According to research, more than half of these agencies have been involved in investigations related to sex trafficking issues, and half of the departments have made physical arrests. This data is important because departments that have led investigations on human trafficking, which was 63%, and arrested in relation (64%) have not been trained (4). Almost all the agencies surveyed indicated that no written policy addressed human trafficking. The majority indicated domestic violence, prostitution, and kidnapping policies would get utilized to respond to human trafficking. Seventy-one percent of departments indicated they did not have policies that could aid officer response to human trafficking (4).
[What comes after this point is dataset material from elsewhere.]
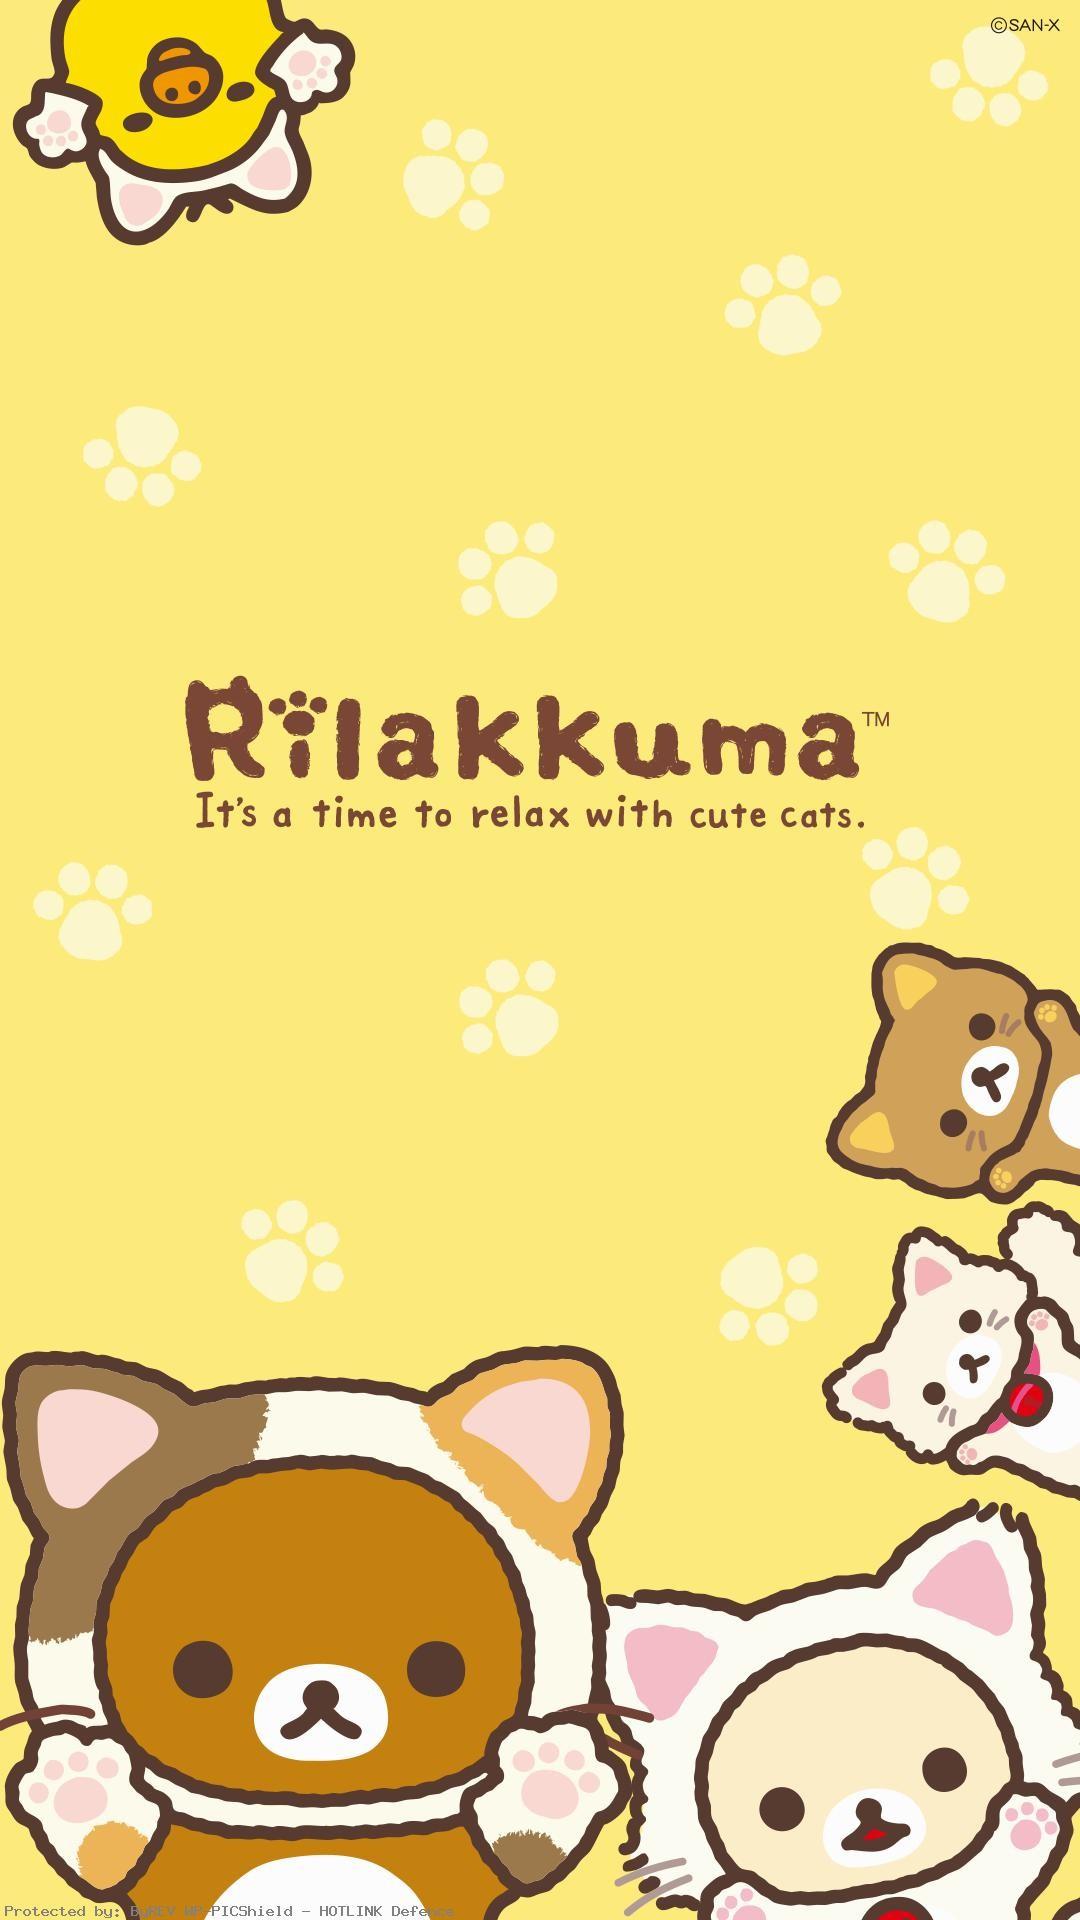 Rilakkuma-Cat-Series-Phone-%E2%80%A2-1080×1920
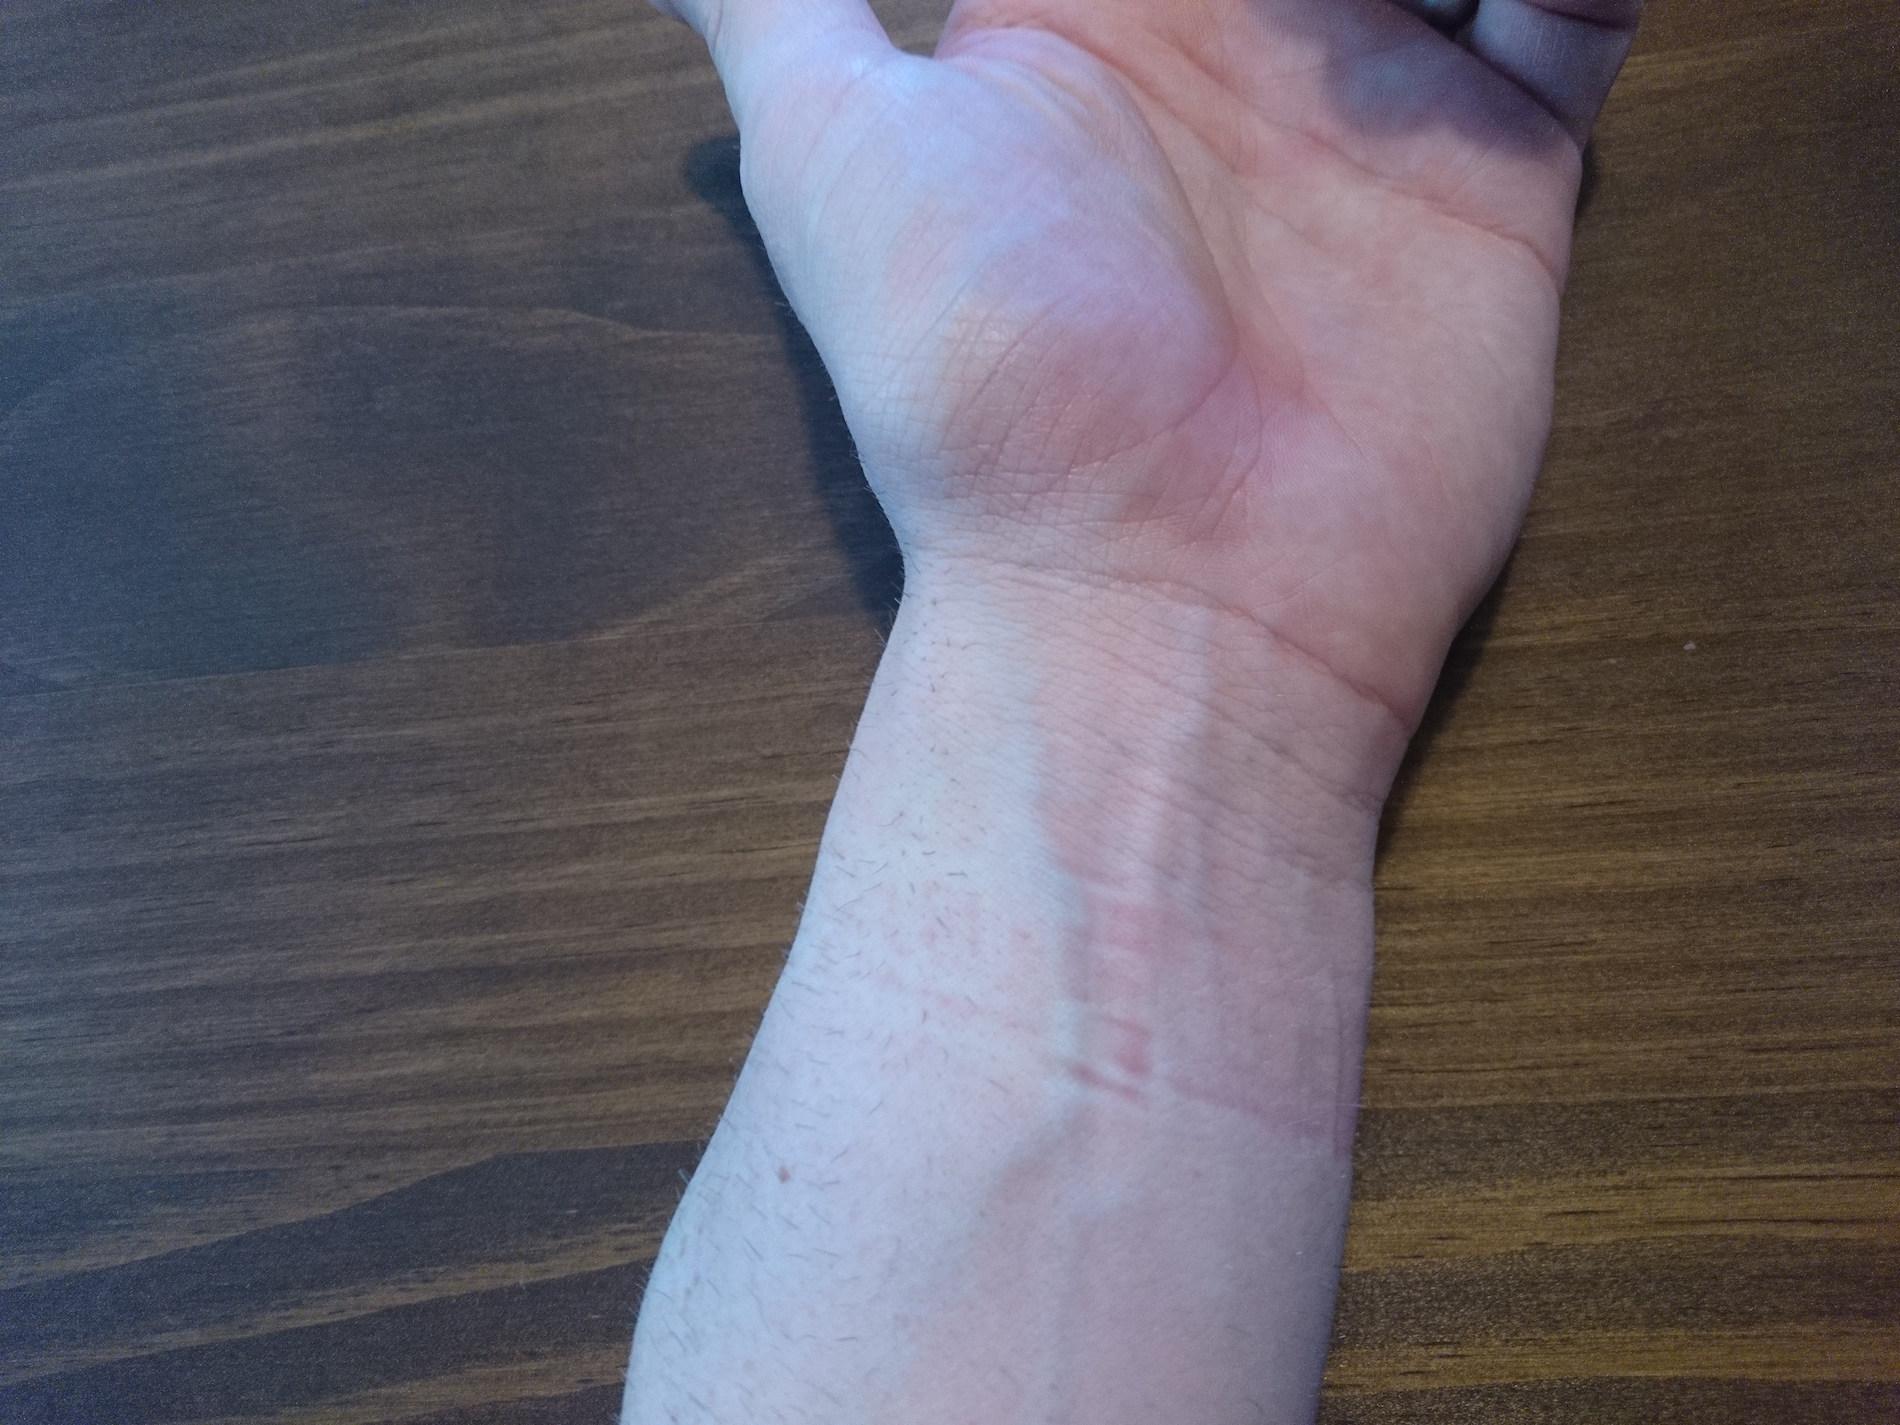 Garmin vivosmart HR Abdruck am Arm

They compare the agencies that have undergone training with human trafficking to those that did not; those with training were more perceptive of sex trafficking offenders. As a result, I feel that because local officers meet victims of human trafficking or offenders, first-hand training should be a priority for human trafficking crimes. In considering the findings, local officers are not well-prepared to combat human trafficking without proper training. Local officers are unlikely to identify a trafficker victim or offender. Instead of incriminating women who are prostitutes’ investigations should be processed to find out why these women are choosing to do what they do. It protects those who chose and those women who are foreign and undocumented. All forms of trafficking are a global issue, and local law enforcement should be a part of the chain to prevent the trafficking of individuals. The prevention has to start with an executive leader to enforce regulations and involvement in human trafficking activities.
References
- American Civil Liberties Union. Human Trafficking: Modern Enslavement of Immigrant Women in the United States [Internet]. American Civil Liberties Union. 2022. Available from: https://www.aclu.org/other/human-trafficking-modern-enslavement-immigrant-women-united-states
- Farrell A, Fahy S. The problem of human trafficking in the U.S.: Public frames and policy responses. Journal of Criminal Justice [Internet]. 2009 [cited 2022 Oct 23];37(6):617–26. Available from: https://ideas.repec.org/a/eee/jcjust/v37yi6p617-626.html
- Markon J. Human Trafficking Evokes Outrage, Little Evidence [Internet]. washingtonpost.com. 2007. Available from: https://www.washingtonpost.com/wp-dyn/content/article/2007/09/2
- Wilson DG, Walsh WF, Kleuber S. Trafficking in Human Beings: Training and Services among U.S. Law Enforcement Agencies. Police Practice and Research. 2006 May;7(2):149–60.